Öğretmen çocukları sanat eserleriyle tanıştırırken başka bir kişinin yerini alabilmenin gerekliliğine dikkat çeker; seçmek sosyal olarak belirli bir durumda kabul edilebilir bir davranış çizgisi; akranlar arasında karşılıklı yardım ve yardımlaşmanın tezahürlerini teşvik edin.”

Sonraki yön sosyal ve iletişimsel

gelişme(slayt)

İşçi eğitimi

İşgücü eğitiminin temel amacı okul öncesi çocuklar- bu, çocuğun kişiliğinin oluşumu ve işe karşı doğru tutumdur. İş okul öncesi çocuğun zekasını geliştirir gözlem, dikkat, konsantrasyon, hafızanın yanı sıra fiziksel gücünü ve sağlığını da güçlendirir.

Çalışma sırasında çocuklar arasındaki olumlu ilişkileri teşvik edin - bir takımda çalışabilme, gerekirse yardım sağlama, akranlarının çalışmalarını olumlu bir şekilde değerlendirme ve saygılı bir şekilde yorum yapma becerisi.

4. Aileyle etkileşim. (slayt)

Ayrıca öğretim ekibimiz, çalışmalarını aileyle yakın temas halinde olan çocukları yetiştirme ve öğretme, ebeveynleri anaokulu yaşamına dahil etme üzerine inşa ediyor.

Okul öncesi eğitim kurumları çeşitli çalışma biçimlerini kullanır. ebeveynler:

Ebeveynlerin okul öncesi eğitim kurumlarında çocuk etkinliklerinin düzenlenmesine dahil edilmesi;

Ebeveynlere açık günler;

Ebeveynleri sorgulamak;

Ebeveynlere yönelik istişareler;

Veli toplantıları;

Ebeveyn köşelerinin tasarımı, mobil klasörler, ebeveynler için sergiler.

Bu STK'nın 4 alanında da sürekli ve sürekli çalışma, Her çocuğun sosyal ve iletişimsel gelişimi. Çocuklar daha özgür ve bağımsız, amaçlı ve kendine güvenen, girişken, akranlarına ve yetişkinlere karşı daha dikkatli ve şefkatli hale gelir; Karşılıklı anlayış ve işbirliği yeteneğine sahip.
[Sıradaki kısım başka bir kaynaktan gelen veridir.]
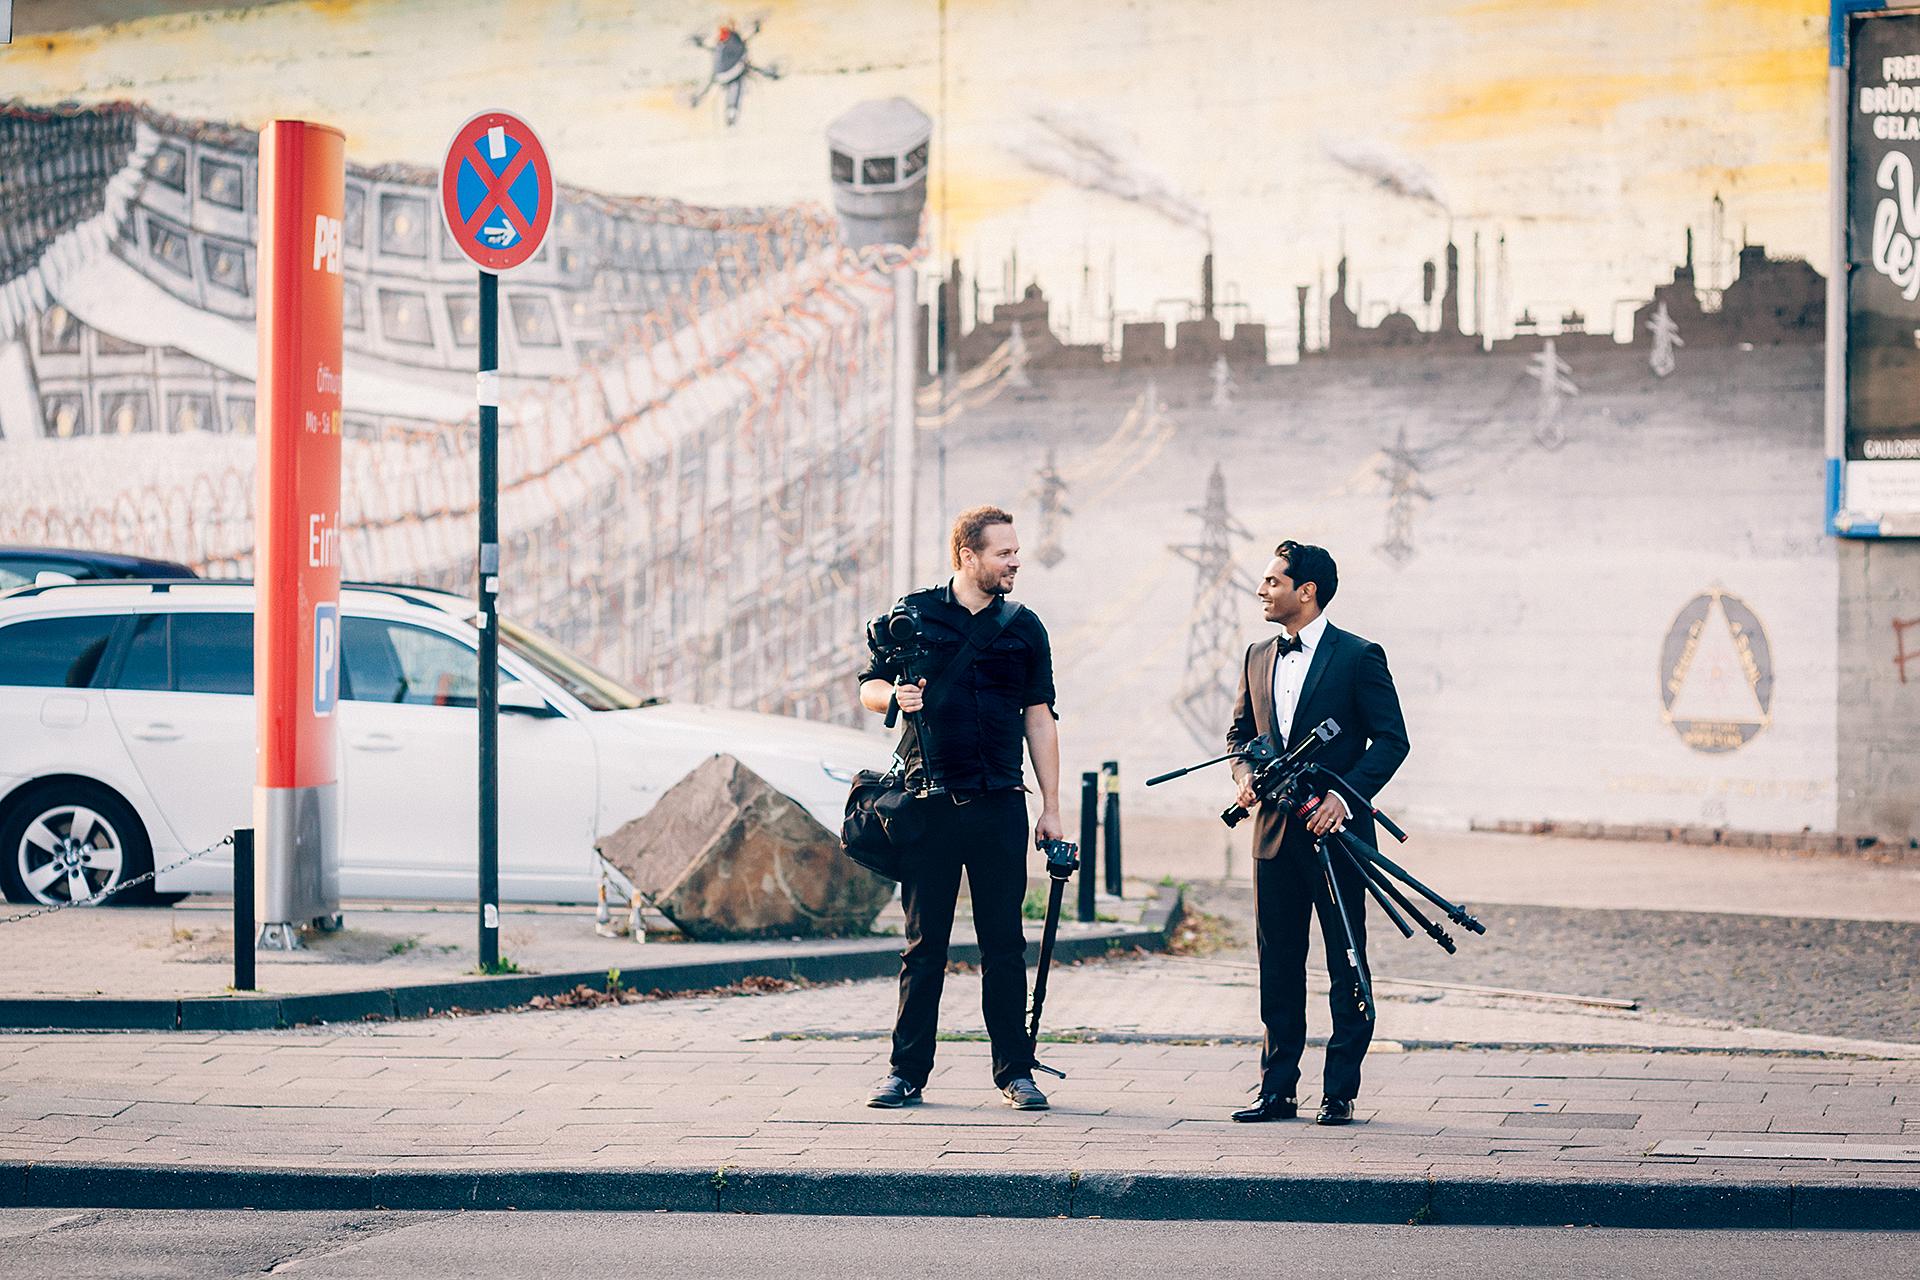 Stefan Gatzke - Hochzeitsfotograf, Fotograf und Videograf aus Köln, NRW
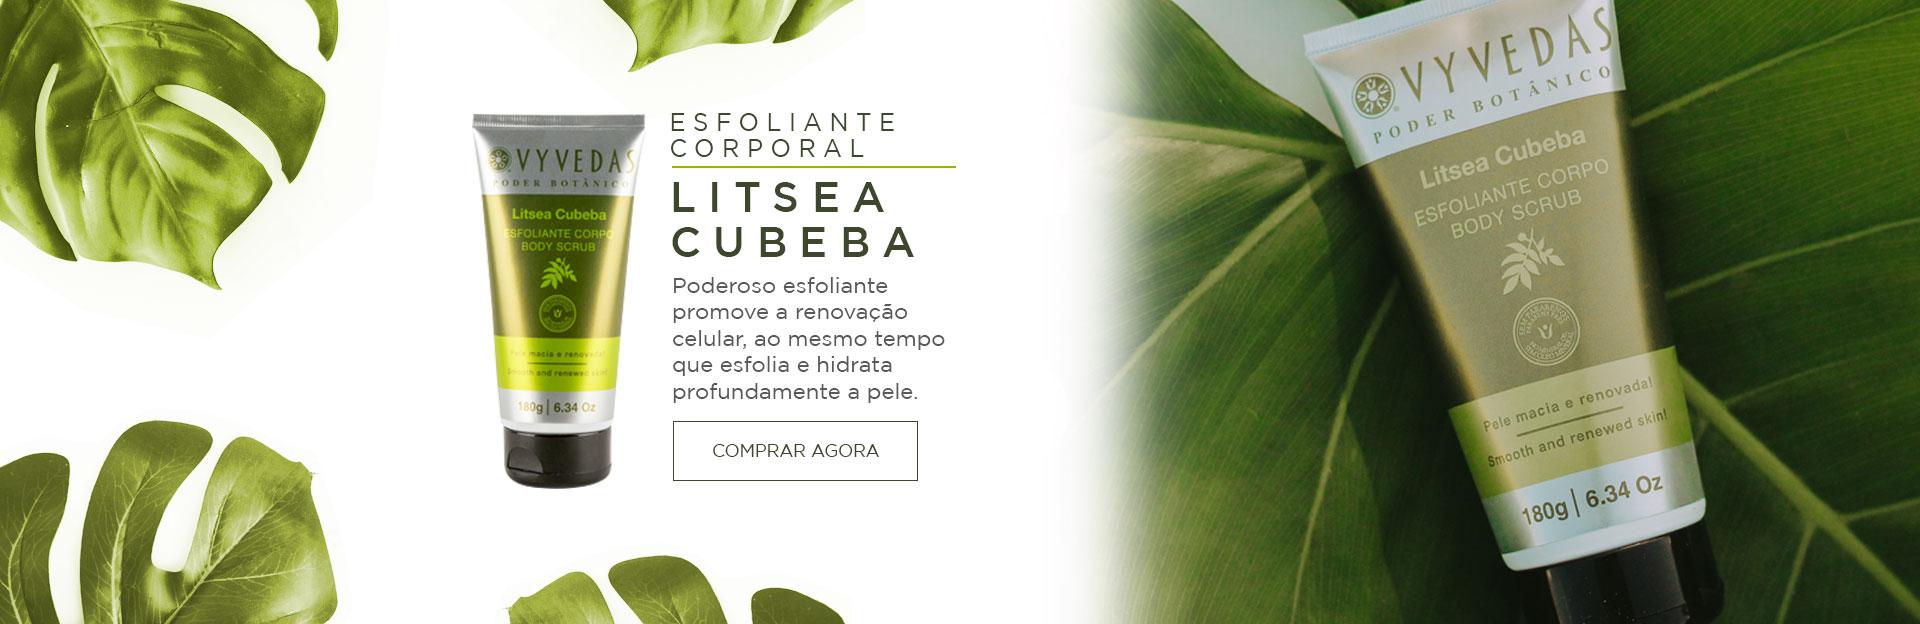 Banner Esfoliante Litsea

Çocuklar ortak karar alma ve bunların uygulanmasını takip etme yeteneğini geliştirir.

Okul öncesi öğretmenleri çocuk bakımı uzmanlarıyla yakın işbirliği içinde çalışır bahçe: konuşma terapisti öğretmeni, müzik direktörü, beden eğitimi öğretmeni, konuşma patologu öğretmeni, psikolog, eğitim çalışmalarının daha başarılı bir şekilde yürütülmesine yardımcı olur okul öncesi çocukların sosyal oluşumu üzerine-iletişim yetenekleri. Programların, teknolojilerin ve eğitim ve öğretimin sorunlu durumlarının ortak bir analizi gerçekleştirilir.

Sosyal ve iletişimsel gelişimÇocuğun eğitimi, dış dünyayla ve insanlarla gerekli bağlantıları kurmayı ve sürdürmeyi öğrendiği karmaşık bir süreçtir.

Gelecekte bir kişinin iletişimsel yeterliliğinin oluşumunun altında yatan şey budur; bu, kişinin iletişim sürecinde çevredeki gerçekliği yeterince algılamasına ve ona yanıt vermesine olanak tanıyan tüm beceri, yetenek ve bilgi kümesini temsil eder.

İletişimsel yeterlilik kazanma sürecinin uzun ve zor olduğunu tam bir güvenle söyleyebiliriz ve bundan şu sonuç çıkıyor: geliştirmek Bu yönde bir çocuğa erken yaşlardan itibaren ihtiyaç vardır.